Snowpacks form pockets of warmer air where it meets the ground. These alone trigger constant changes in its structure.
Snow acts like an insulation blanket, preventing the ground from freezing which will lock in the carbon and methane.
Both of these are needed for chemical exchanges between the ground and the atmosphere and as well as impact the movement of water.
What’s more, snow’s effectiveness as an insulator is enhanced because it is also highly reflective.
Environmental Implications of Freezing Rain on Snow
Snow reflects back an enormous amount of sunlight, sending the unwanted heat back into space.
Therefore, the amount of snow there is has an enormous impact on how the Earth’s surface heats up or cools down.
However, with global warming, ice caps are melting and freezing rain events are increasing, causing serious effects on ecosystems and water resources.
Fact: Snow's porous nature gives it great insulating capabilities, and the trapped air acts as a heat sink, keeping temperatures roughly constant under the snow.
Impacts of Rain on Ecosystems
Freezing rain on snow can have a direct impact on ecosystems in many ways.
For instance:
Challenges for Vegetation and Wildlife
With global warming we are told to expect a warmer, wetter climate.
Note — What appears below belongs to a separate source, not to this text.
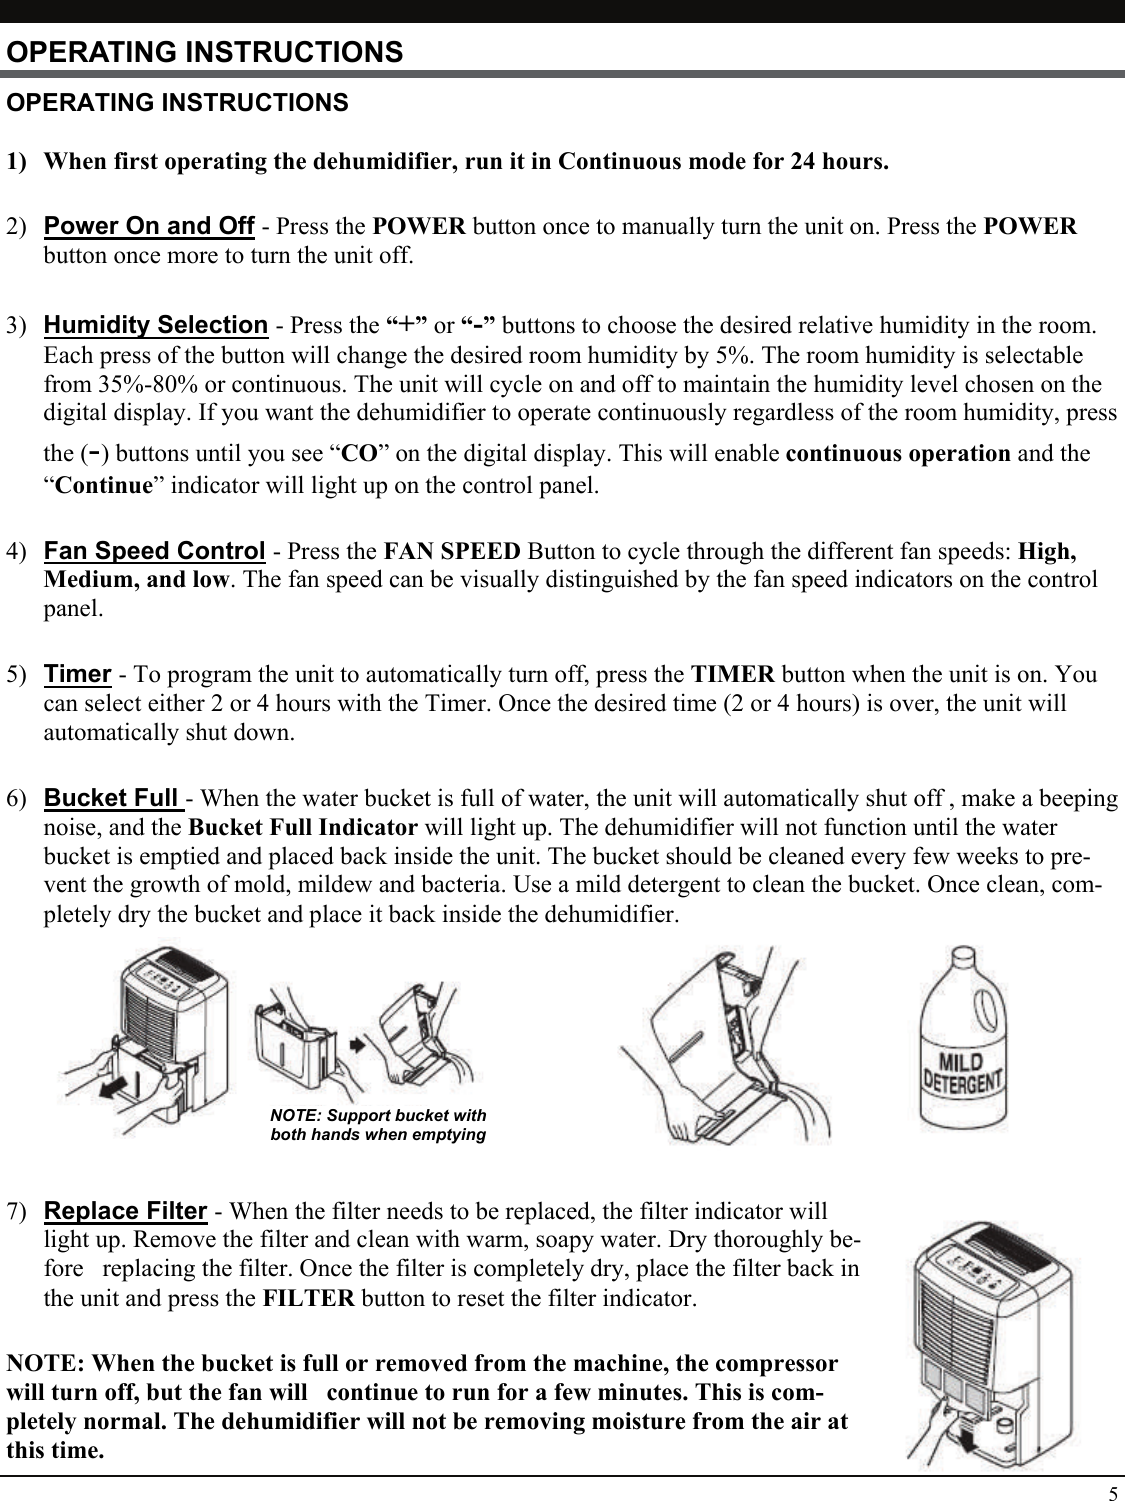 Page 5 of 8 - Soleus-Air Soleus-Air-Soleus-Air-Dehumidifier-Gm-Deh-30M-1-Gm-Deh-45-1-Users-Manual-  Soleus-air-soleus-air-dehumidifier-gm-deh-30m-1-gm-deh-45-1-users-manual

More rain is forecast and all life on earth will have to adjust.
The ice caps, compacted snow, are melting rapidly adding water to the atmosphere at an alarming rate.
There will be higher humidity and torrential downpours.
Changes in Soil Temperature and Moisture
Without the protection of snow, the planet will warm and soil temperatures increase until its moisture is lost and dries out.
Predictions are that global warming will see huge new regions of desert, whilst the equatorial regions become more saturated, with obvious implications for food production and population settlement.
Effects on Water Resources
With more rain and less snow, it not only makes the ground lose heat when the rainwater freezes but it also forms an ice seal over the surface of the land.
Unable to penetrate the soil, the water runs off taking whatever course it can towards lower ground.
Inevitably, the rainwater will pool creating new areas of flooding adding volume to freshwater tables, oceans with rivers and streams flowing faster.
As well as predictions of vast new areas of desert, there will be new coastlines and vast areas of saturated land that are unsuitable for agriculture or settlement.
Fact: The structure, water content, and texture of snow all contribute to its categorization into distinct subtypes, including dry powder, wet snow, slush, etc.
Takeaway
What does rain do to snow?
Rain affects snow in several ways, such as compacting the snow, creating harder layers on top, and causing potentially unsafe conditions.
Freezing rain can cause the snow to undergo various physical transformations as well.
Environmental implications of freezing rain on snow include impacts on ecosystems, challenges for vegetation and wildlife, and so on.